▶ **Records shown**
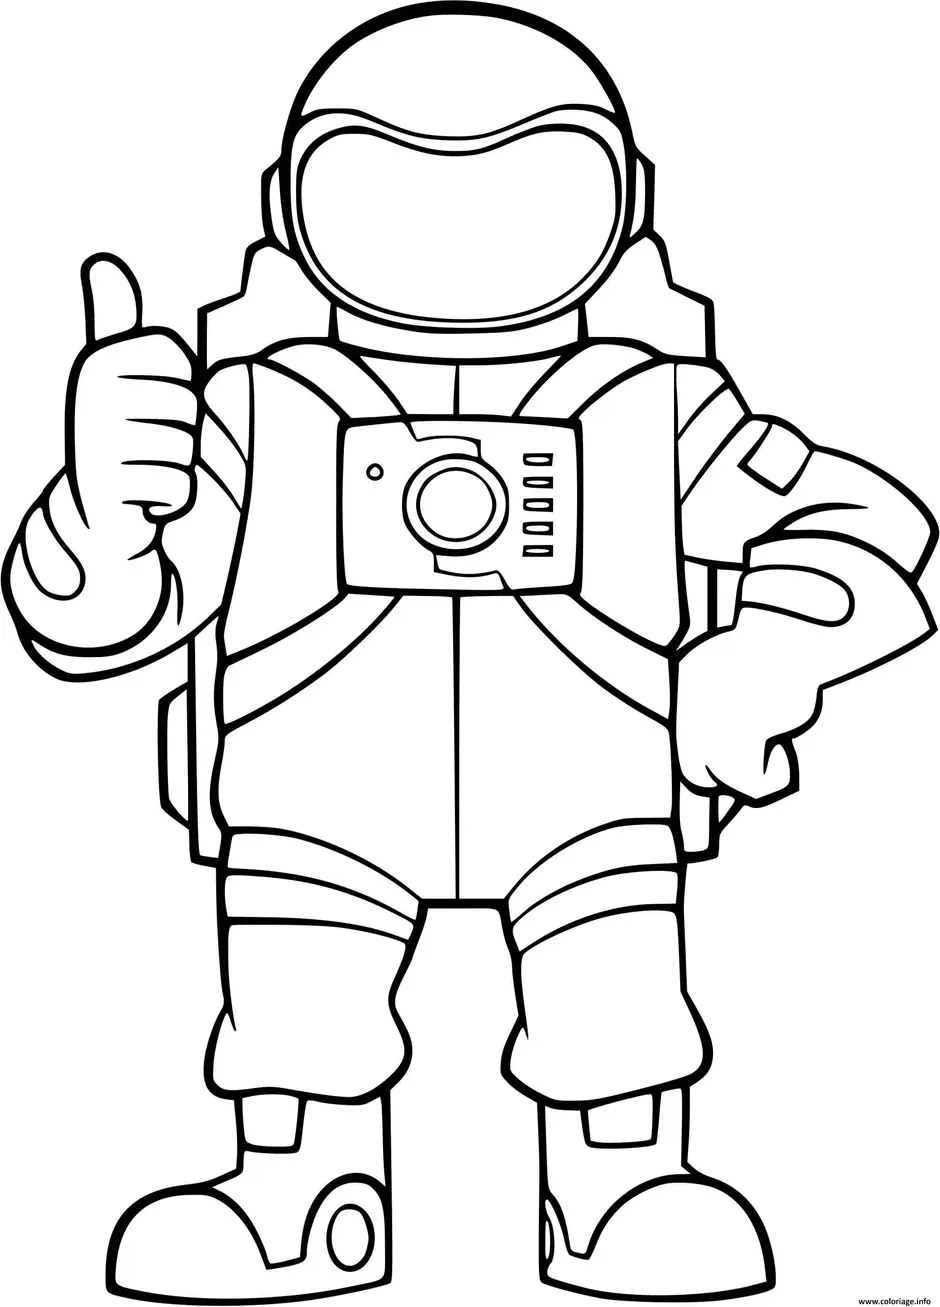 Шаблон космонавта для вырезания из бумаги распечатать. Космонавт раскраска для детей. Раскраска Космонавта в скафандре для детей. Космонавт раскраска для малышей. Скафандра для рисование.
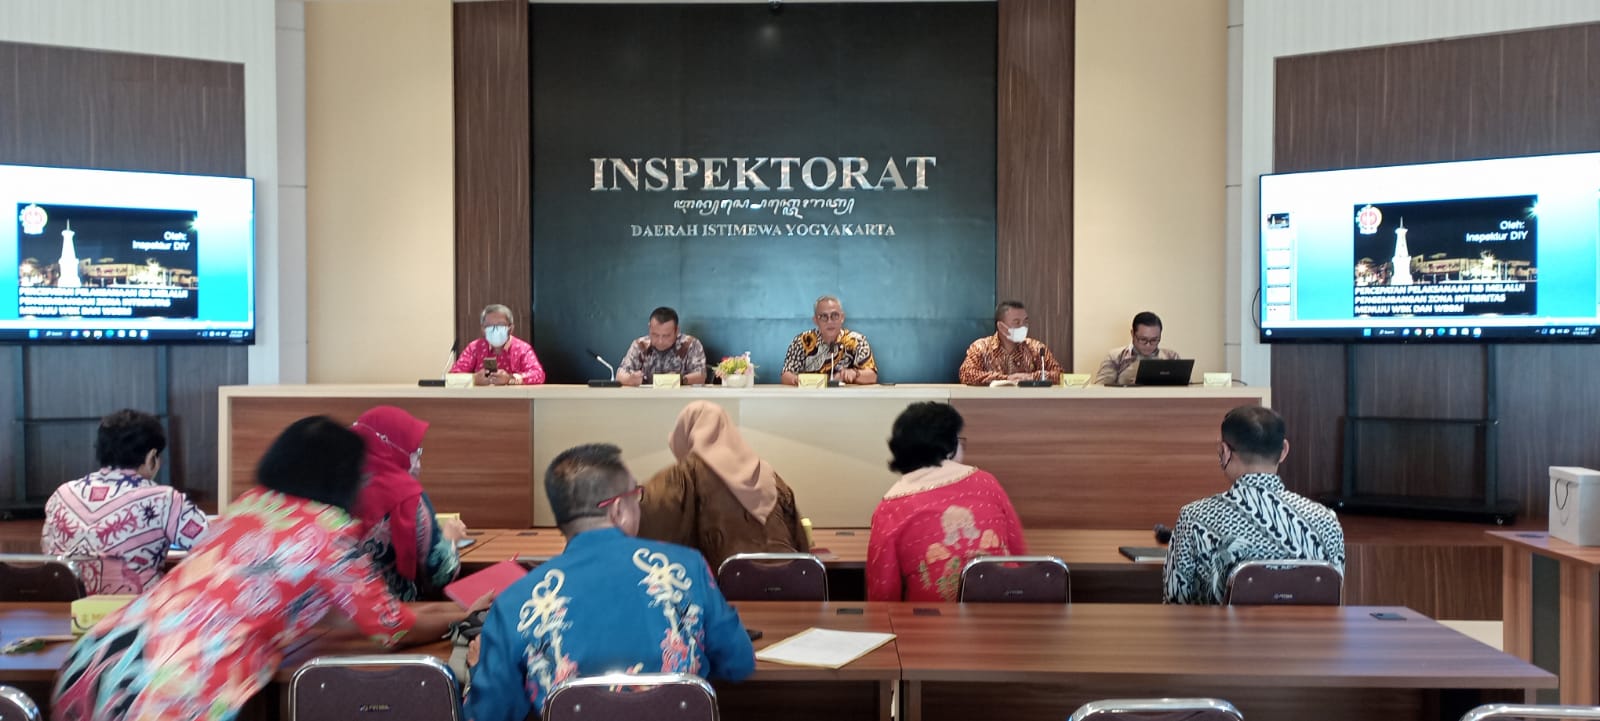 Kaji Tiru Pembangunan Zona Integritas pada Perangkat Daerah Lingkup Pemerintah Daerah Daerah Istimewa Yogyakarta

...

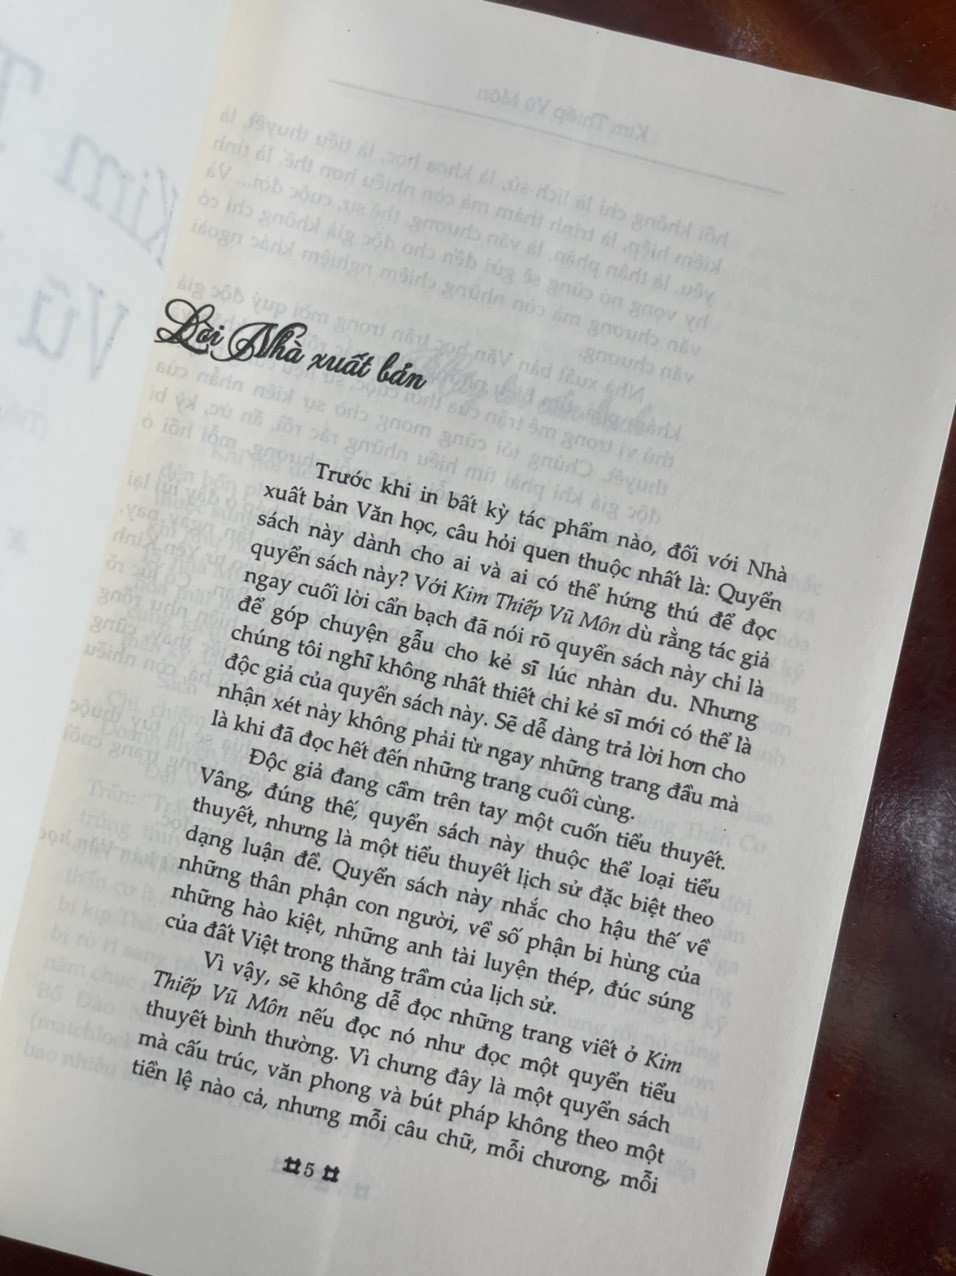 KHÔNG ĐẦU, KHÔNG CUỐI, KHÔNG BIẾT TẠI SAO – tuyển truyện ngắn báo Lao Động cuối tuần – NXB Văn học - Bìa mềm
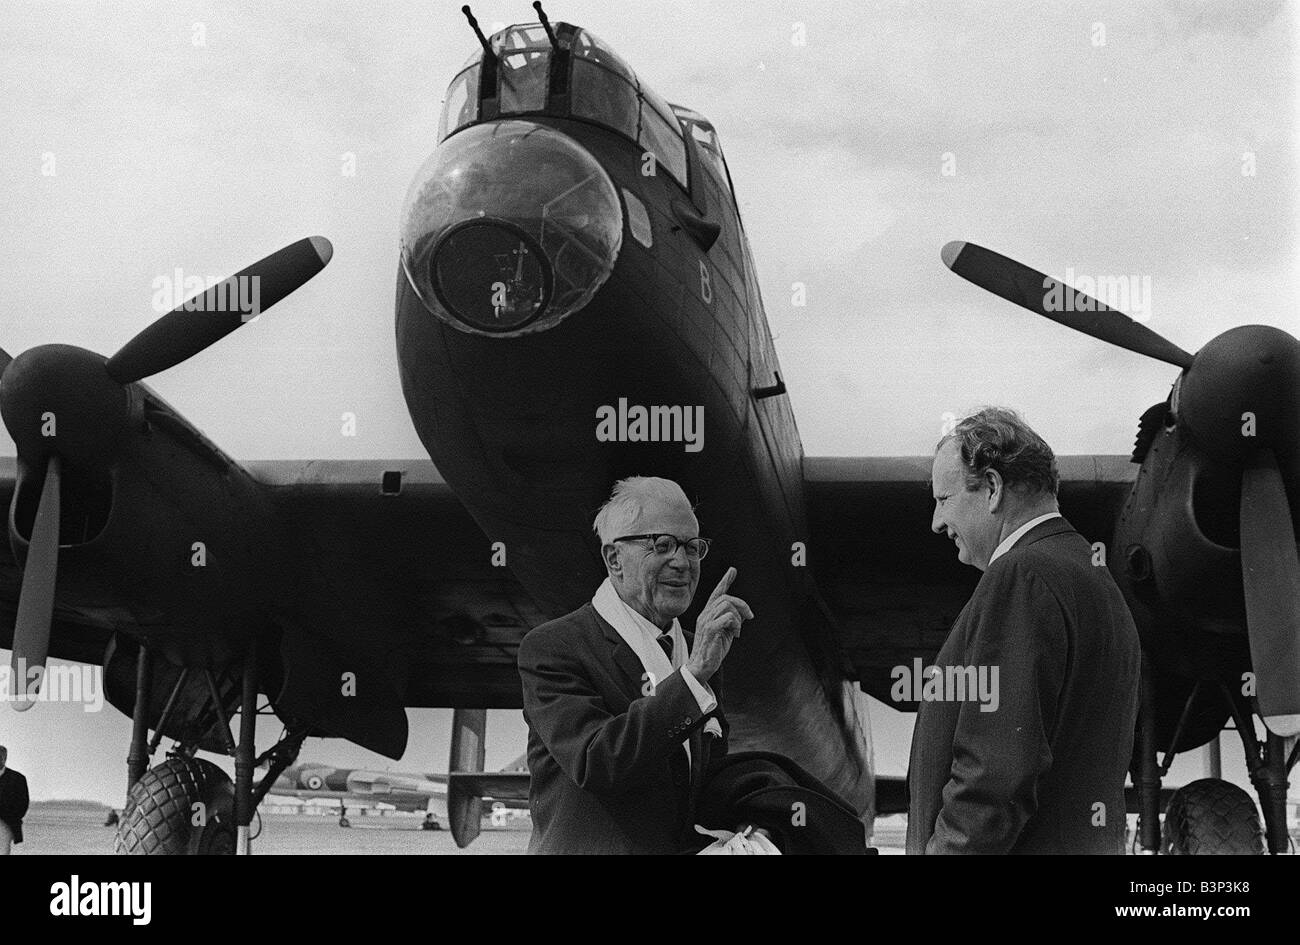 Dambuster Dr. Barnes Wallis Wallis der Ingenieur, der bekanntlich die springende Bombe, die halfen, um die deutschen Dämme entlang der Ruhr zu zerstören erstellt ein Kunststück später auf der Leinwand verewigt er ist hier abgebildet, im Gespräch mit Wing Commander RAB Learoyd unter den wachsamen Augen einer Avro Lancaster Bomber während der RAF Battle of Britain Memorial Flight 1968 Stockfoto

---

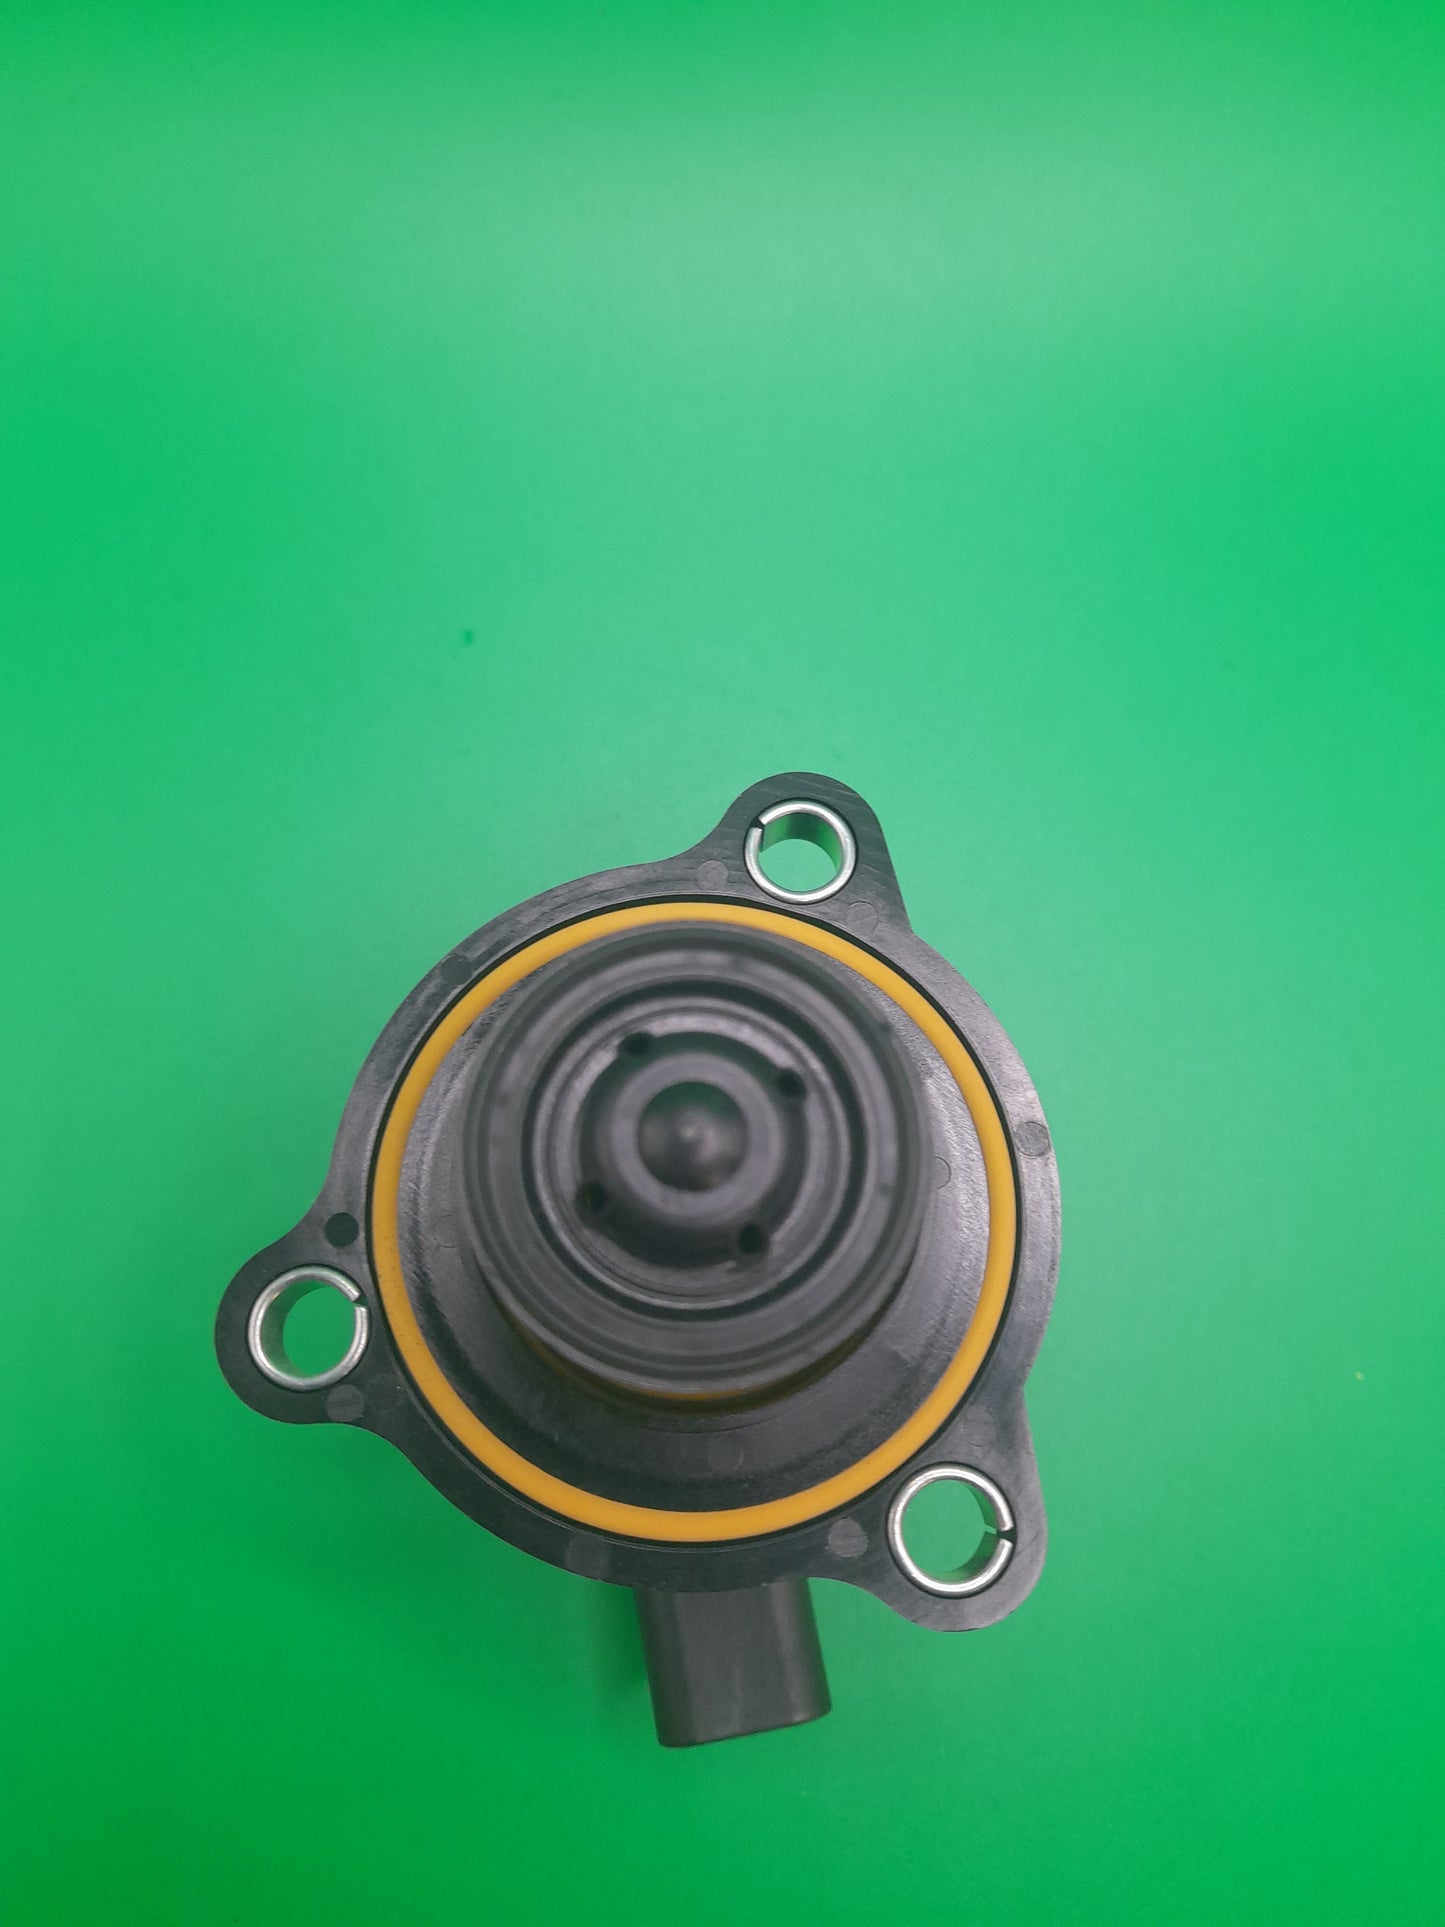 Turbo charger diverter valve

▶ **What is required**
Given the entries above, transcribe exactly the lines from the one holding "Шаблон космонавта для" through the one holding "Kaji Tiru Pembangunan"; pictures do not belong in the transcription.

▶ **Your response**
 Шаблон космонавта для вырезания из бумаги распечатать. Космонавт раскраска для детей. Раскраска Космонавта в скафандре для детей. Космонавт раскраска для малышей. Скафандра для рисование.
 Kaji Tiru Pembangunan Zona Integritas pada Perangkat Daerah Lingkup Pemerintah Daerah Daerah Istimewa Yogyakarta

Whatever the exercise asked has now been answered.